Once you get to the two bolts anchor at the top, continue a few meters up to a ring and belay from there: we got confused and Jarek stopped at the bolts, we switched, I started my lead and stopped after 10m at the ring, brought him up and continued to the next anchor.

P4, 5c+ - My pitch. Nothing memorable apart from that anchor mess up.
P5, 5b - Jarek’s lead aaaand...I don’t remember anything about it, must have been just a ‘meh’.
P6, 5b - Mixed feelings about this one. Not very enjoyable: a bit sandy, no bolts, but no obvious cracks either. So that weird hesitation for an inexperienced climber like me: i’m not gonna fall, so shall i waste time and try to fit some pro, or shall i just climb up?..
P7, 4c - Jarek’s lead, one-move-boulder start and than a cruiser.
P8, 5b - A really pleasant pitch: super easy moves along slabs and cracks. One feels like dancing up the wall. Needs pro, good to have some medium pieces.
P9, 6a(+) - The coolest pitch of the climb. Slabs with delicate feet and hand holds. At one point you go up a single crack, both feet and hands in. At another point you use one crack for hands and another one for feet and it’s tricky. Joyful. Bolts are a bit too far apart, but nothing criminal and there’s no way to fit any gear in, so… just enjoy the ride! I led it clean and was very pleased. A lot of fun. In some guidebooks (like Dreams of Switzerland) this pitch is upgraded to 6a+, most guidebooks and topos refer to it as a 6a.
P10, 5a - I liked it a lot, Jarek didn’t. But he led it. Basically a clean slab. No bolts, no holds. Jokes: a few bolts (two?) and a few holds. But the degree is comfortable enough to enjoy some friction crawling.
And just like that it’s suddenly over.

Descend.
Jeeeeeeeeez it was the weirdest descent ever. So there’s this famous steep train/lift on the side of the mountain, Gelmerbahn, which goes up and down every ~15 minutes. And there are stairs right by its side. You get to the stairs and you gallop down them for about 20 minutes, anxiously anticipating the train (you can’t see it from everywhere and there’s not enough space for the train and you to pass each other). Jarek’s fancy smartass watch told later it was about 130 floors down. And yeah, my quads told me later they didn’t particularly enjoy it. They were actually almost definitely hating it. 
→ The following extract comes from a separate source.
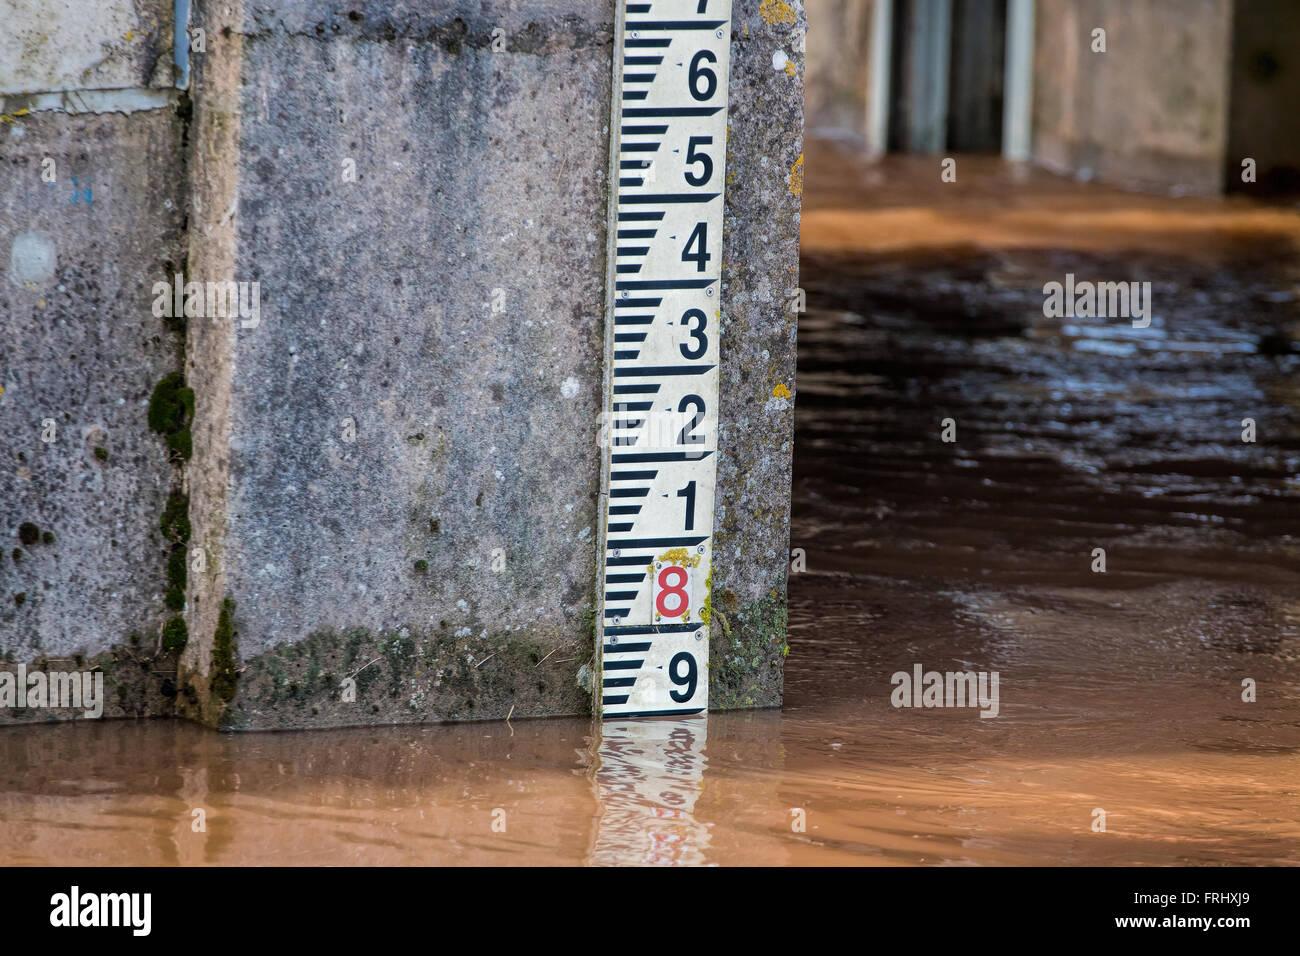 River Level Marker Gauge For Measurement. High River Levels Stock Photo

On the way home Jarek took us to Lungern lake for a quick dip. That was a cherry on top of a great day. 

Good line, made for a fantastic day out. And you know, mostly I enjoy some suffering while climbing, a little bit here and there: difficult moves or pump or getting stressed and scared or run-outs or hard gear placement… or even altogether for a proper full on. But sometimes it’s cool to have a mellow day with zero of that: good rock, solid gear, excellent company and pleasant climbing.

1 comment:

  1. Interesting story about the descent. I have had that train passing me a few times :-), including conductor smiling and waving at us having no problems at all. Good story. Glad you liked it. PS. You need a star rating as well.